Thursday, August 30, 2007

migration to UTF character set

When you try to import data from fixed size character set (ex. we8mswin1252) to UTF, you can go into problem that value is too large for column.

This problem can appear when table was created with char or varchar2 column which size was specified in bytes not in characters. There is a parameter NLS_LENGTH_SEMANTICS
which has two values - byte or char. Default value is byte, and in that case if you make a export from database with default parameter and then you import this data into new database, all tables will be created with byte size for character columns (ex. varchar2(50 byte)).
My first thought was, that if I change this parameter to "char" in new database, all tables will be created in "char" size.
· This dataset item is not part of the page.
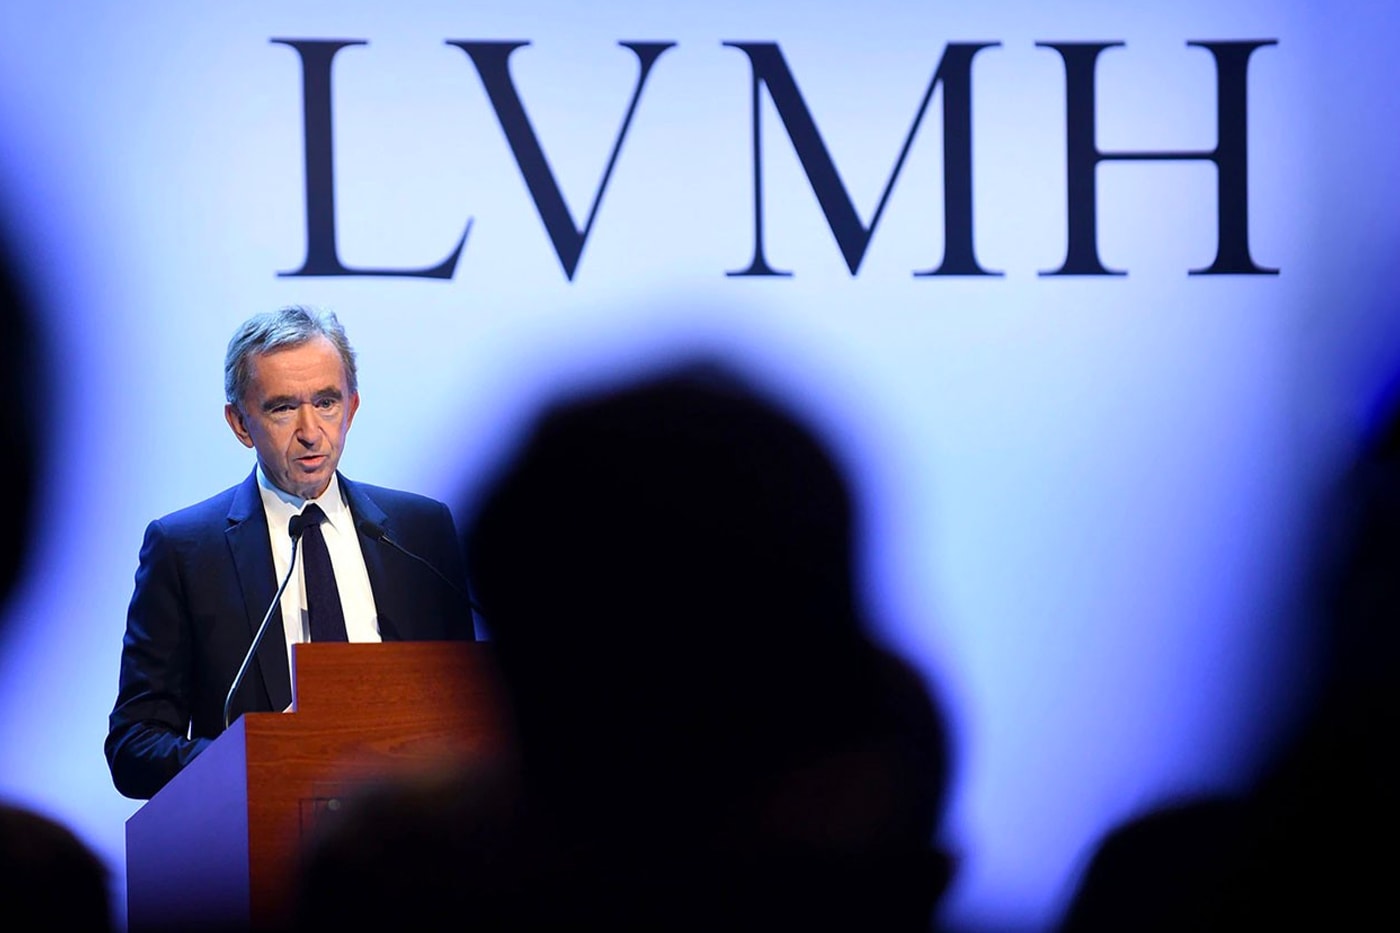 LVMH considering takeover of Richemont Report swiss paper finanz und Wirtschaft whispers

But this is only partial true, new tables are created with "char" length of columns but import process still is creating columns with byte.

My solution is to split import process into three steps.
1. Import only tables definitions (import with parameter rows=n)
2. Change column definition from byte to char using prepared script
3. Import data.

How to create script for column conversion ? Using SQL query in SQL*Plus:

set pagesize 0
set linesize 100
spool convert.sql
select 'alter table ' || owner || '.' || table_name || ' modify ' || column_name || ' ' || data_type || '(' || data_length || ')' from dba_tab_columns where owner='schema' and char_used = 'B' and table_name not in (select view_name from dba_views where owner='schema');
spool off

This query generate script, which is executed and after that all char and varchar2 columns should use "char" as length size.